Every now and then I get asked about meal ideas and what we eat over the course of a week. It can be hard for people to imagine or plan weekly meals when plastic packaged  food seems to be the only option. There’s also a perception that package free food is more expensive, which makes people curious about our meals. It seems obvious then that I’d share what we eat and drink throughout a week. However, the topic of what we eat and feed our children often evokes emotional reactions from individuals, and I have found myself shying away from sharing this information. There’s always judgement from someone about meat content, dairy content, sugar content, fruit and vegetable content, carbohydrate content, and artificial flavourings and colourings, but very little understanding of things which influence  family meals like sensory processing differences in children, availability of affordable fresh food, and various household dynamics. So what made me decided to share? I realised that it might help others reduce their waste and that probably outweighs any insecurities I have about our diet. And, my insecurities and difficulties actually have nothing to do with plastic and package free living. So if you are looking for insight into plastic free and zero waste living, I hope these weekly accounts of what we ate help in some way.

Some things to note:

  • We often have dinner leftovers and we always eat those for our next lunch (sometimes breakfast).
  • I tend to bake a batch of something and when that’s been eaten I bake something else for snacks. I find it helps lessen food waste.
  • We have access to package free milk because we live on a dairy farm.
  • We focus on local and in-season ingredients.
  • Shopping for all these ingredients doesn’t happen weekly. Most pantry items can be bought every few months.
  • I don’t have access to bulk stores but I have managed to find bits and pieces that I can get in bulk around my district.

Three Weekly Winter Meal Plans

This is a reflection of how we have been eating lately.

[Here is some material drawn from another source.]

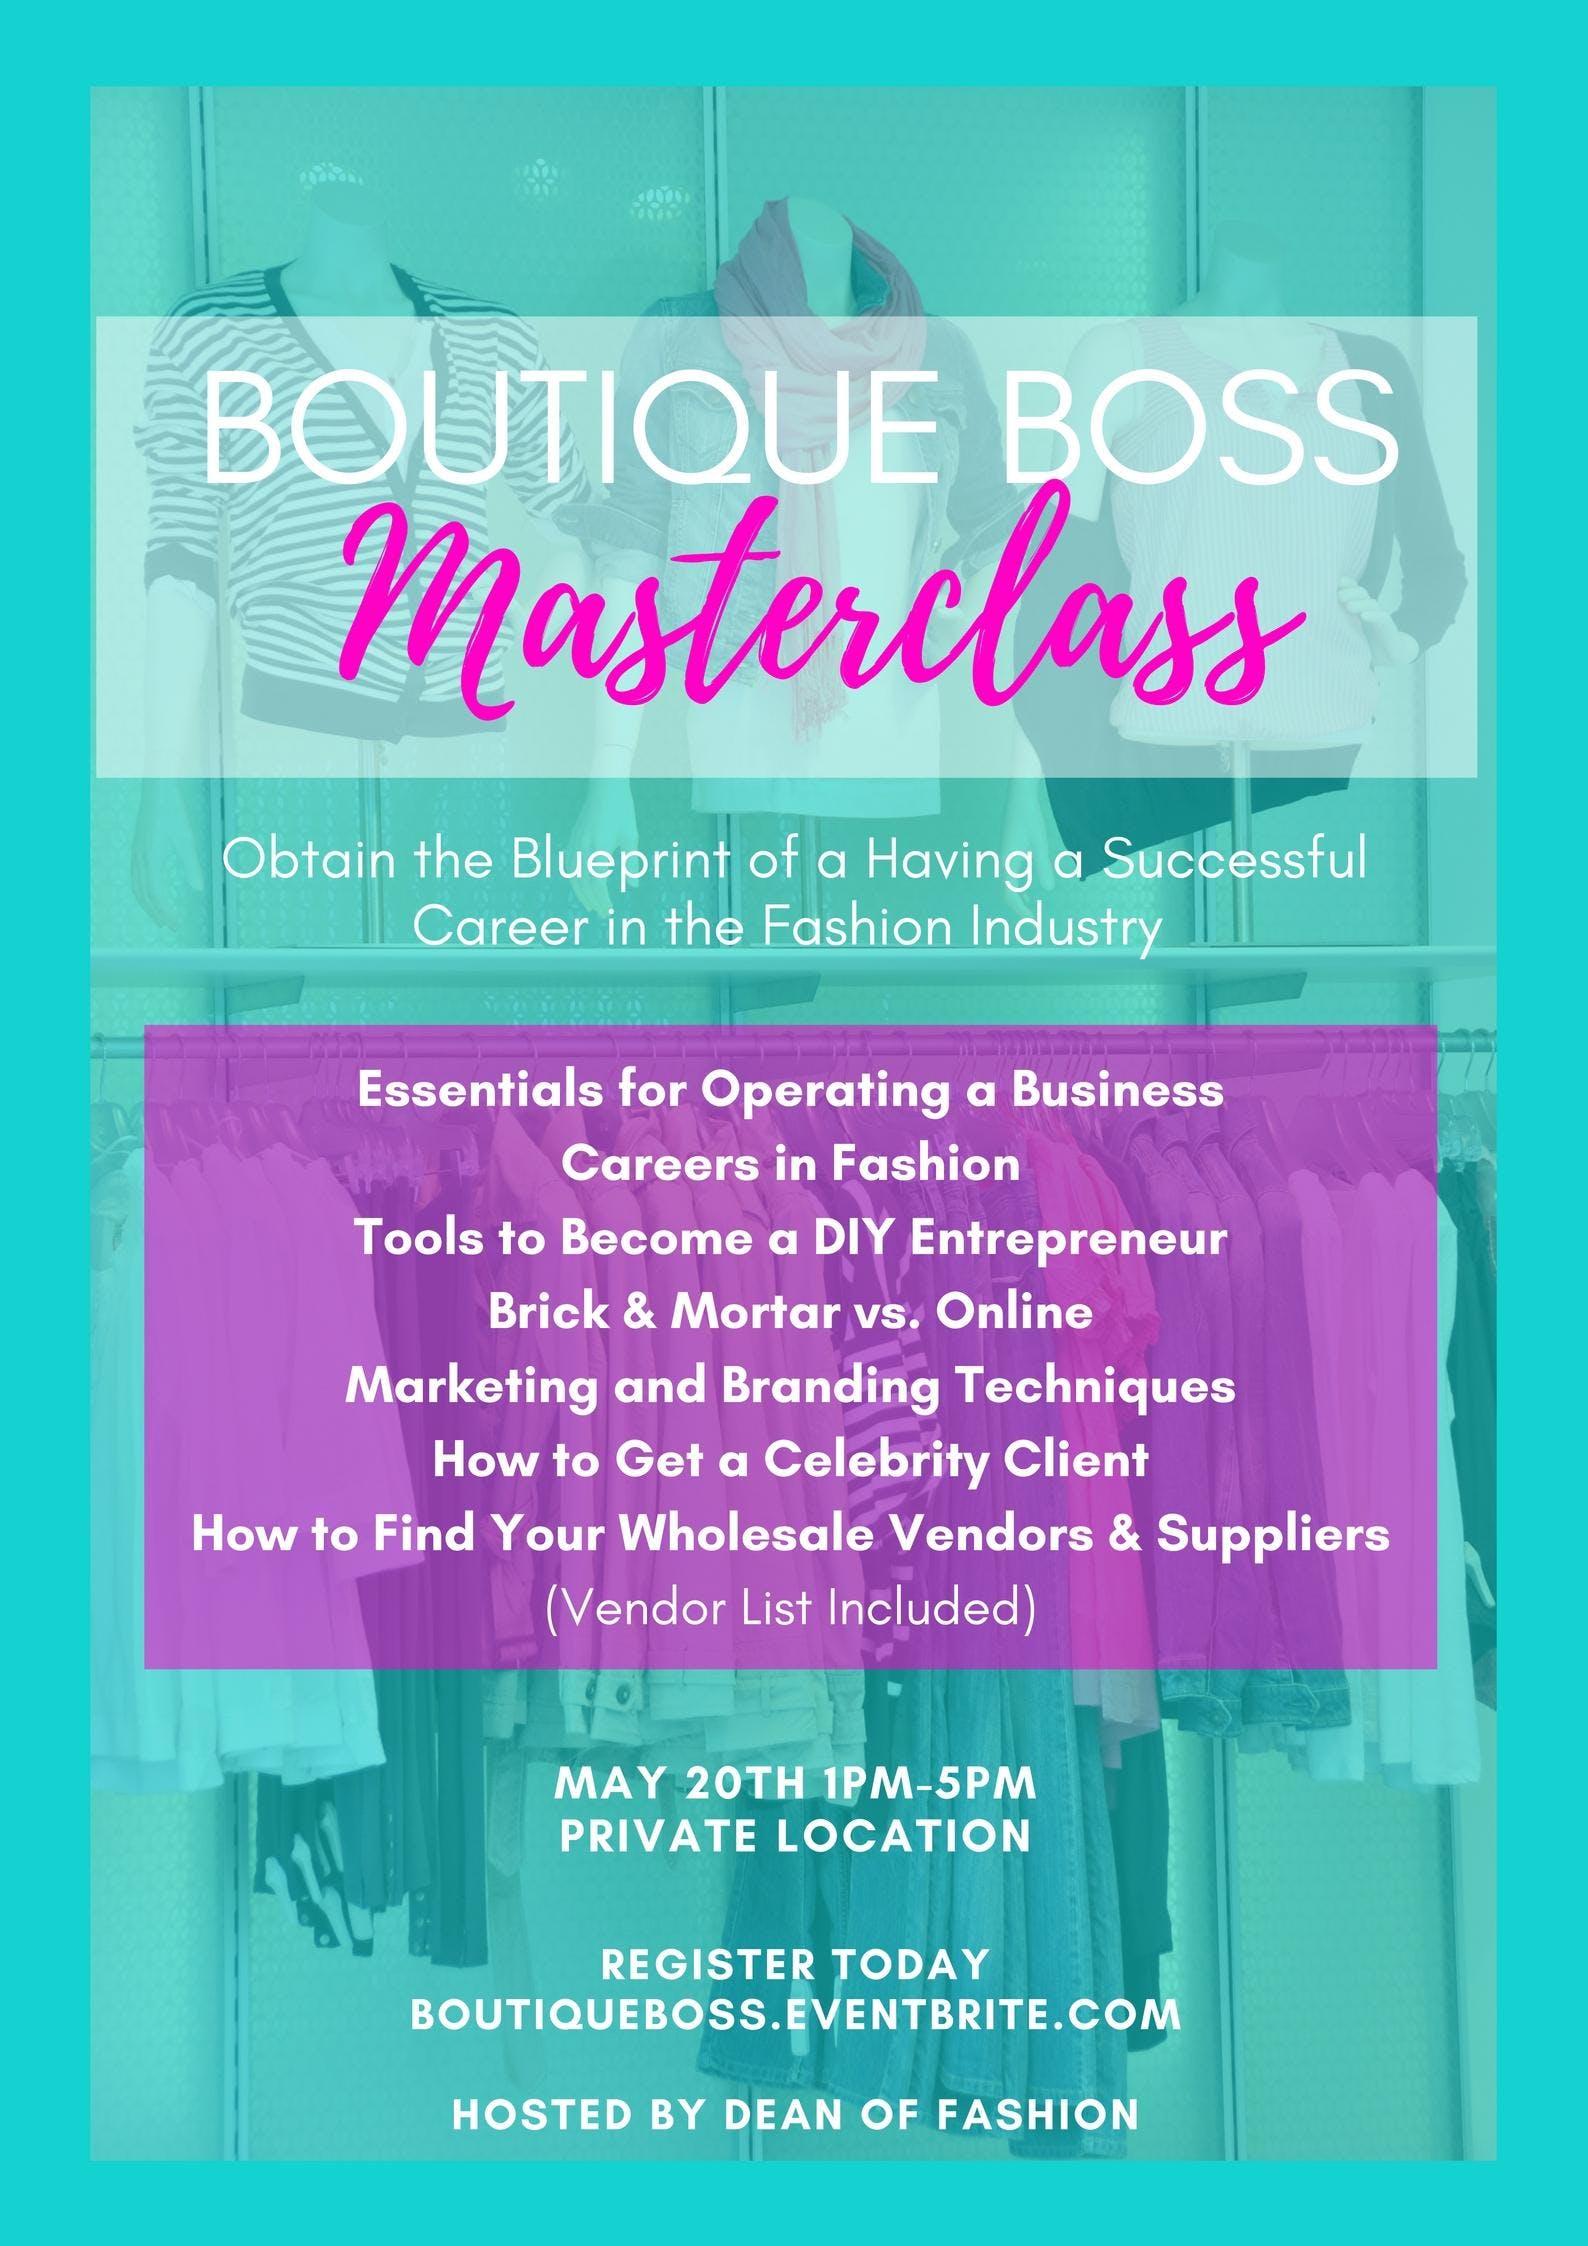 Boutique boss masterclass at tba memphis boutique boss masterclass malvernweather Choice Image
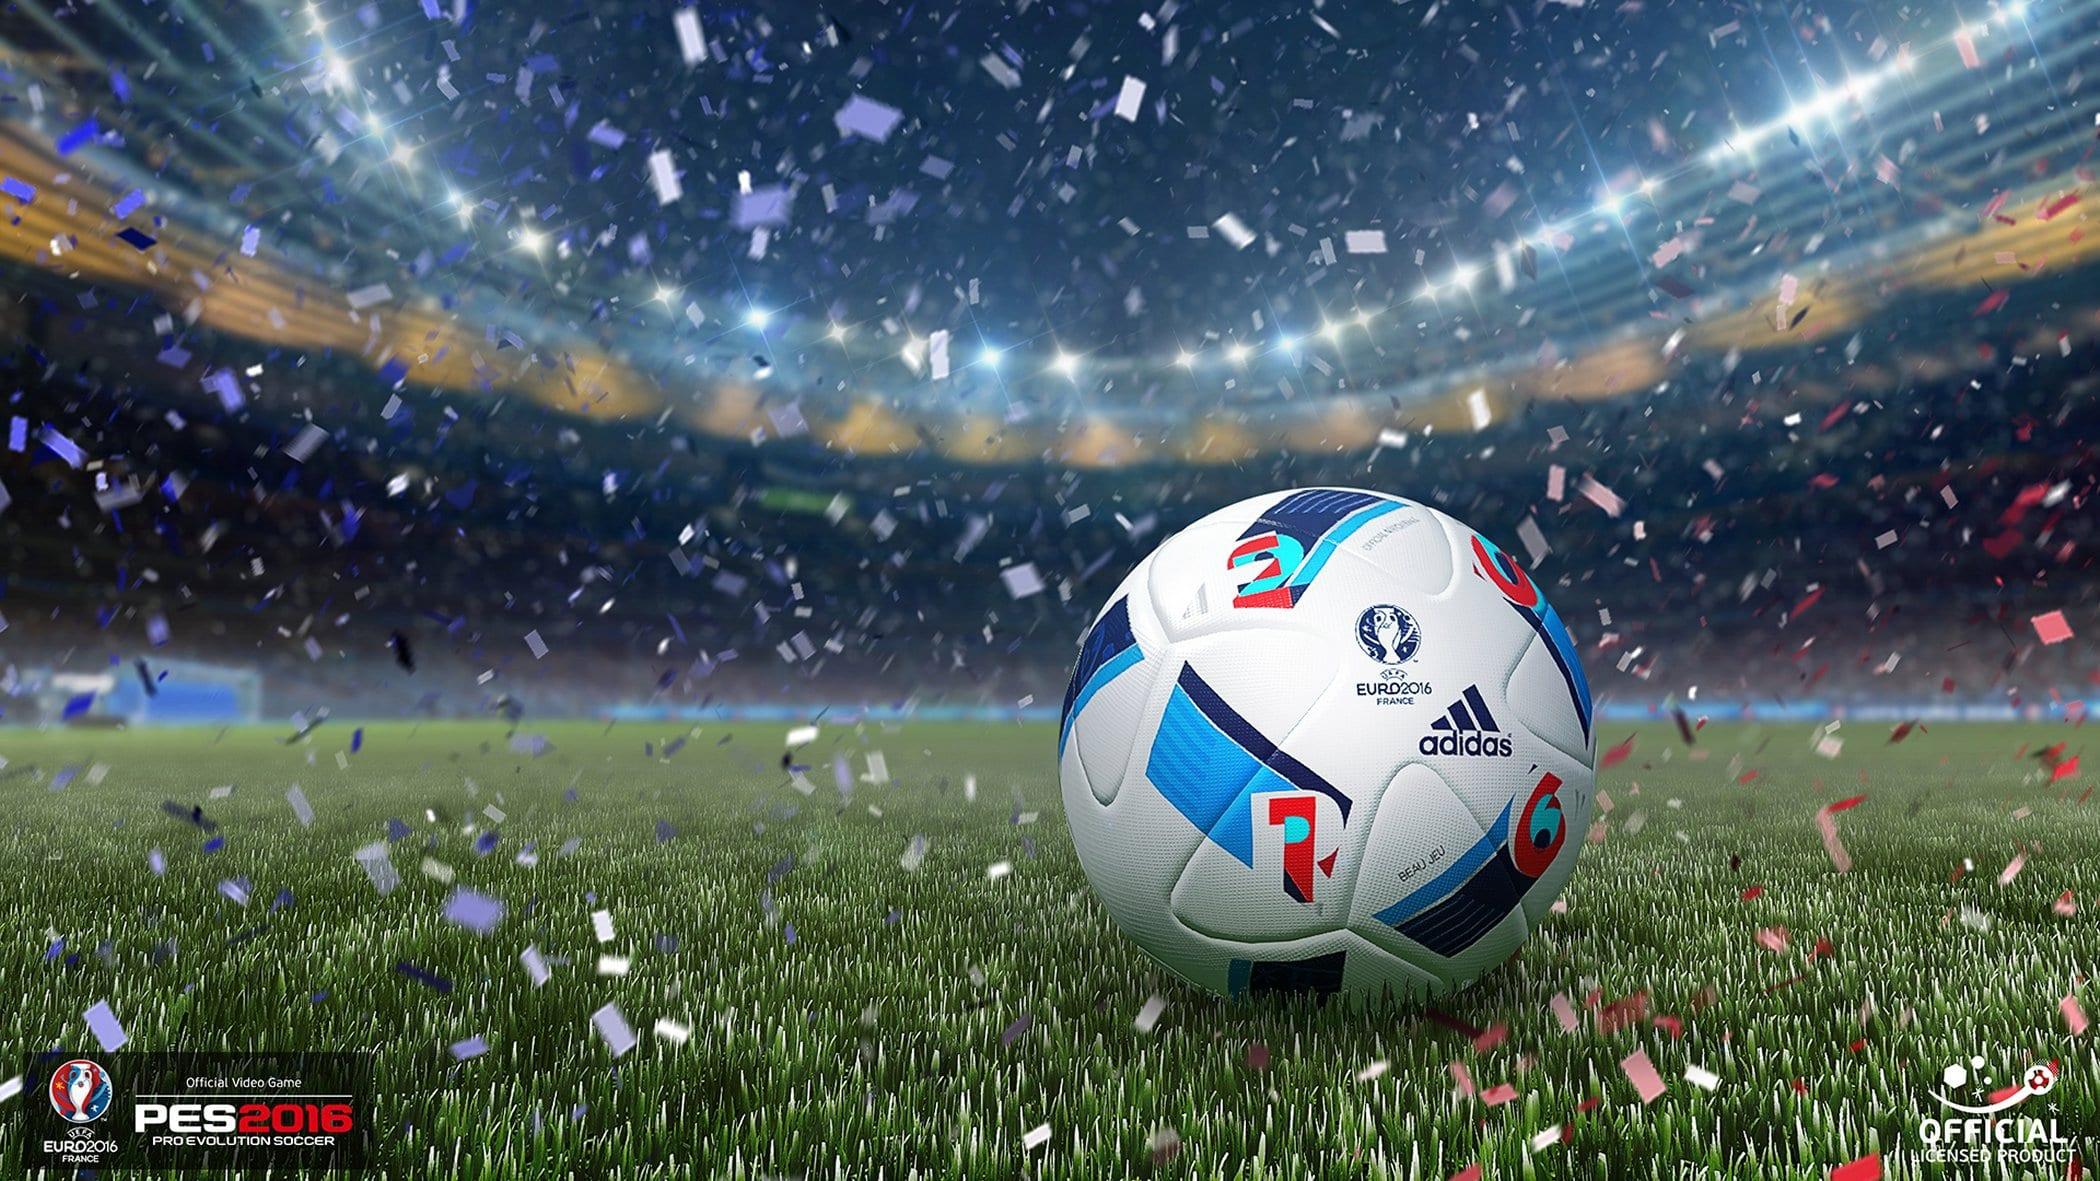 Careers - Job opportunities UEFA. org

If people are interested I will do a similar post for each of the seasons.

Zero waste weekly Winter meal plan: one

Zero waste weekly Winter meal plan: two

Zero waste weekly Winter meal plan: three

Ingredients list

Here is the corresponding ingredients list for all those meals and how I buy it.

Pantry:

  • Bread and baked goods – package free or homemade (extra loaves kept in freezer)
  • Flour – package free or large paper bag
  • Rice – package free
  • Sugar – package free or large paper bag
  • Brown sugar – homemade
  • Vanilla essence – homemade
  • Cacao powder – package free
  • Baking powder – package free and homemade
  • Oils – package free
  • Honey – package free
  • Dried fruit – package free
  • Shredded coconut – package free
  • Nuts – package free
  • Seeds – package free
  • Pasta – bought in a box
  • Porridge – recyclable box
  • Muesli – package free
  • Cornflakes – package free
  • Tea – package free
  • Coffee – glass jar that gets reused
  • In season local fruits – package free or homegrown

Refrigerator:

  • Butter – parchment paper which gets reused for baking before being composted
  • Eggs – backyard or from friends or a nearby producer if ours aren’t producing
  • Milk – package free
  • Capers – glass jar which gets recycled
  • Medjool dates – package free
  • Jam – homemade and glass jar
  • Cheddar cheese – waxed coating
  • Parmesan cheese – package free
  • Feta – package free
  • Meat and fish – package free
  • Pickles – glass jar that gets reused
  • Herbs – home-grown
  • Tomato paste – glass jar that gets reused
  • In season local vegetables – package free or home-grown (onions, potatoes, etc. stored in pantry)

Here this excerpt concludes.